Yawn. Another Wimbledon final, another matchup between the Williams sisters. It's the fourth such meeting this decade and the eighth in any Grand Slam final. Since this is almost routine at this point, the circumstances of a Venus-Serena final don't seem all that special. They are. The fact the two sisters are playing in the final at Wimbledon for the fourth time in seven years is one of the most remarkable feats in sports history.
As much as we love to play instant historian these days (that game was the best of all-time, that's the best team ever, etc.), we often fail to properly appreciate sustained greatness in its own time. Everyone knows Tiger Woods is one of the two greatest golfers ever, but if he and Jack Nicklaus swapped eras, I think we'd hold Woods in an even higher regard than we do now. Barry Bonds had the best season ever at the plate in 2002, yet that didn't get 1/100th of the attention that his steroid scandal did five years later. There's something about the passage of time that makes things seem more special. As a result, the true greatness that happens now is often overlooked.
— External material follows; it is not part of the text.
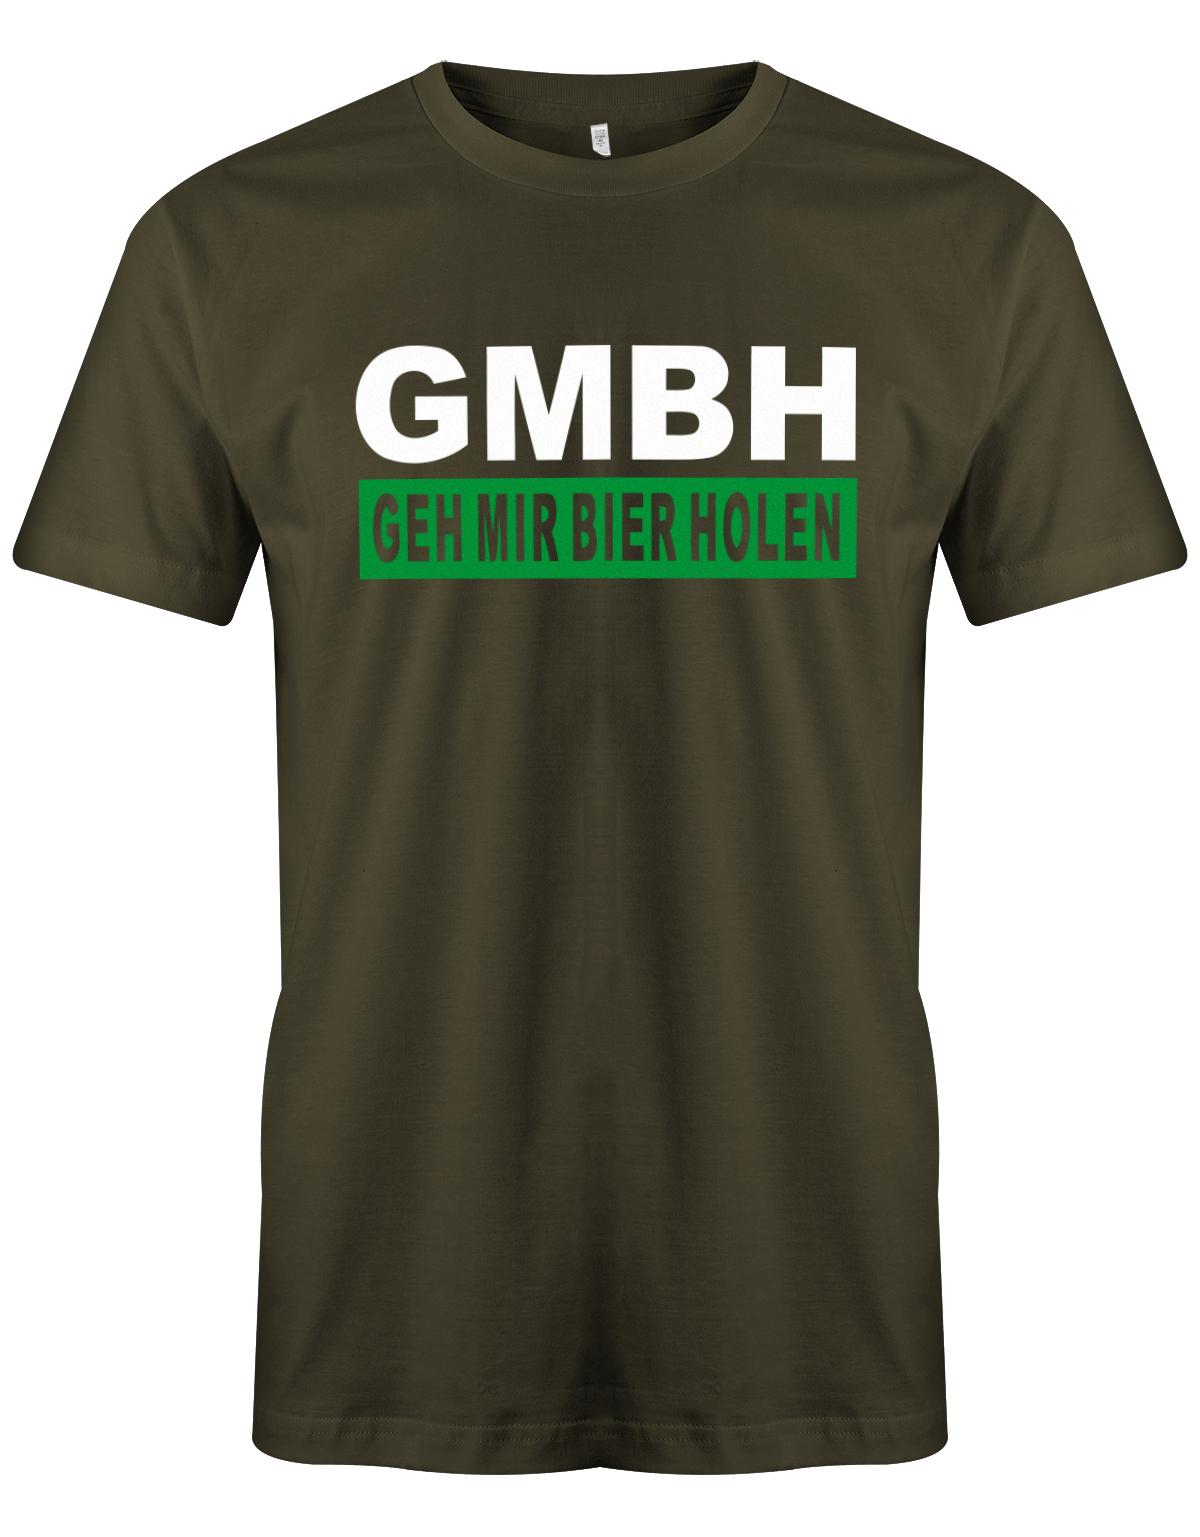 GMBH-Geh-MIR-BIER-Holen-Herren-Bier-Shirt-Army
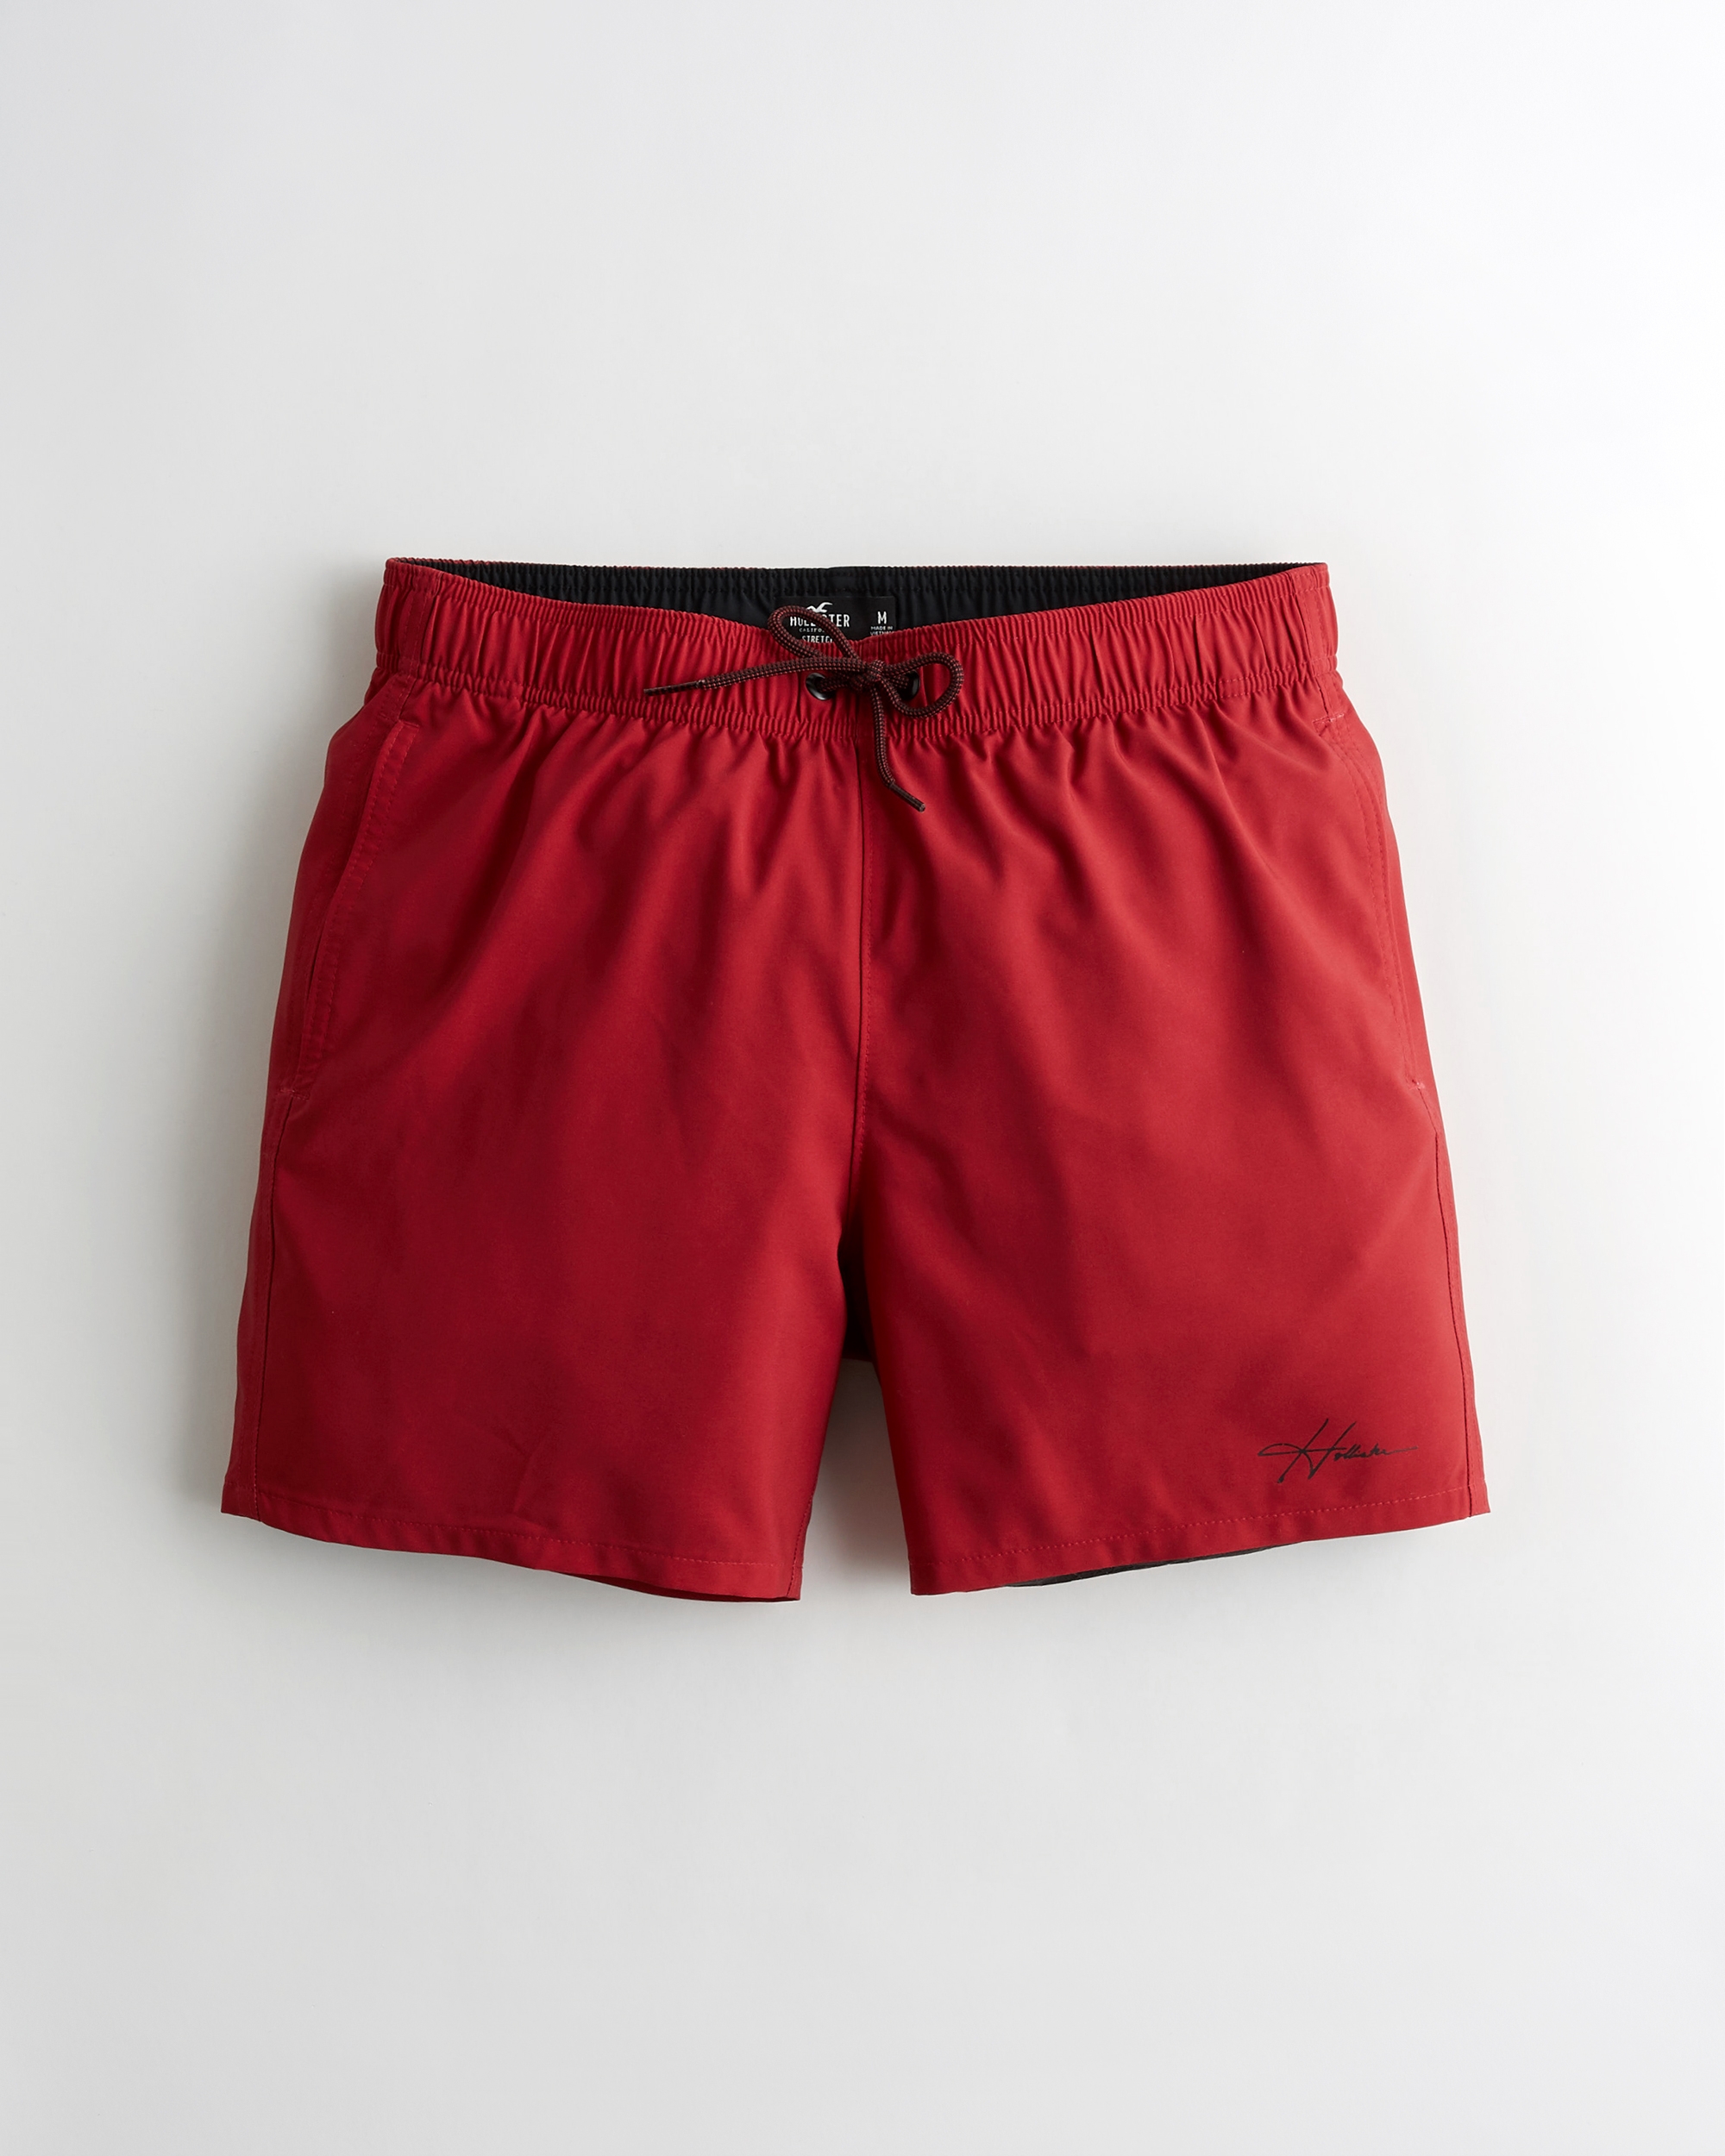 hollister swim shorts sale

This brings us back to the Williams sisters. We know they're great, but somehow the scope of what they're collectively doing is viewed as ordinary. We expect them to get to the Wimbledon finals, so we're not surprised when they do.
But take a step back and think of it like this: Of all the women playing tennis on this planet, the two who will set foot on Centre Court on Saturday morning grew up in the same house. Let that sink in. It's utterly remarkable. (And we're not even getting into the fact that said house was in Compton, CA, not exactly a tennis hotbed.)
For two sisters to dominate the tennis world and to have more appearances in the Wimbledon final since 2001 (12) than the rest of the world combined (6) is something that shouldn't be taken for granted. We all know it's special, but it's even moreso than that. It's one of the greatest achievements in tennis history.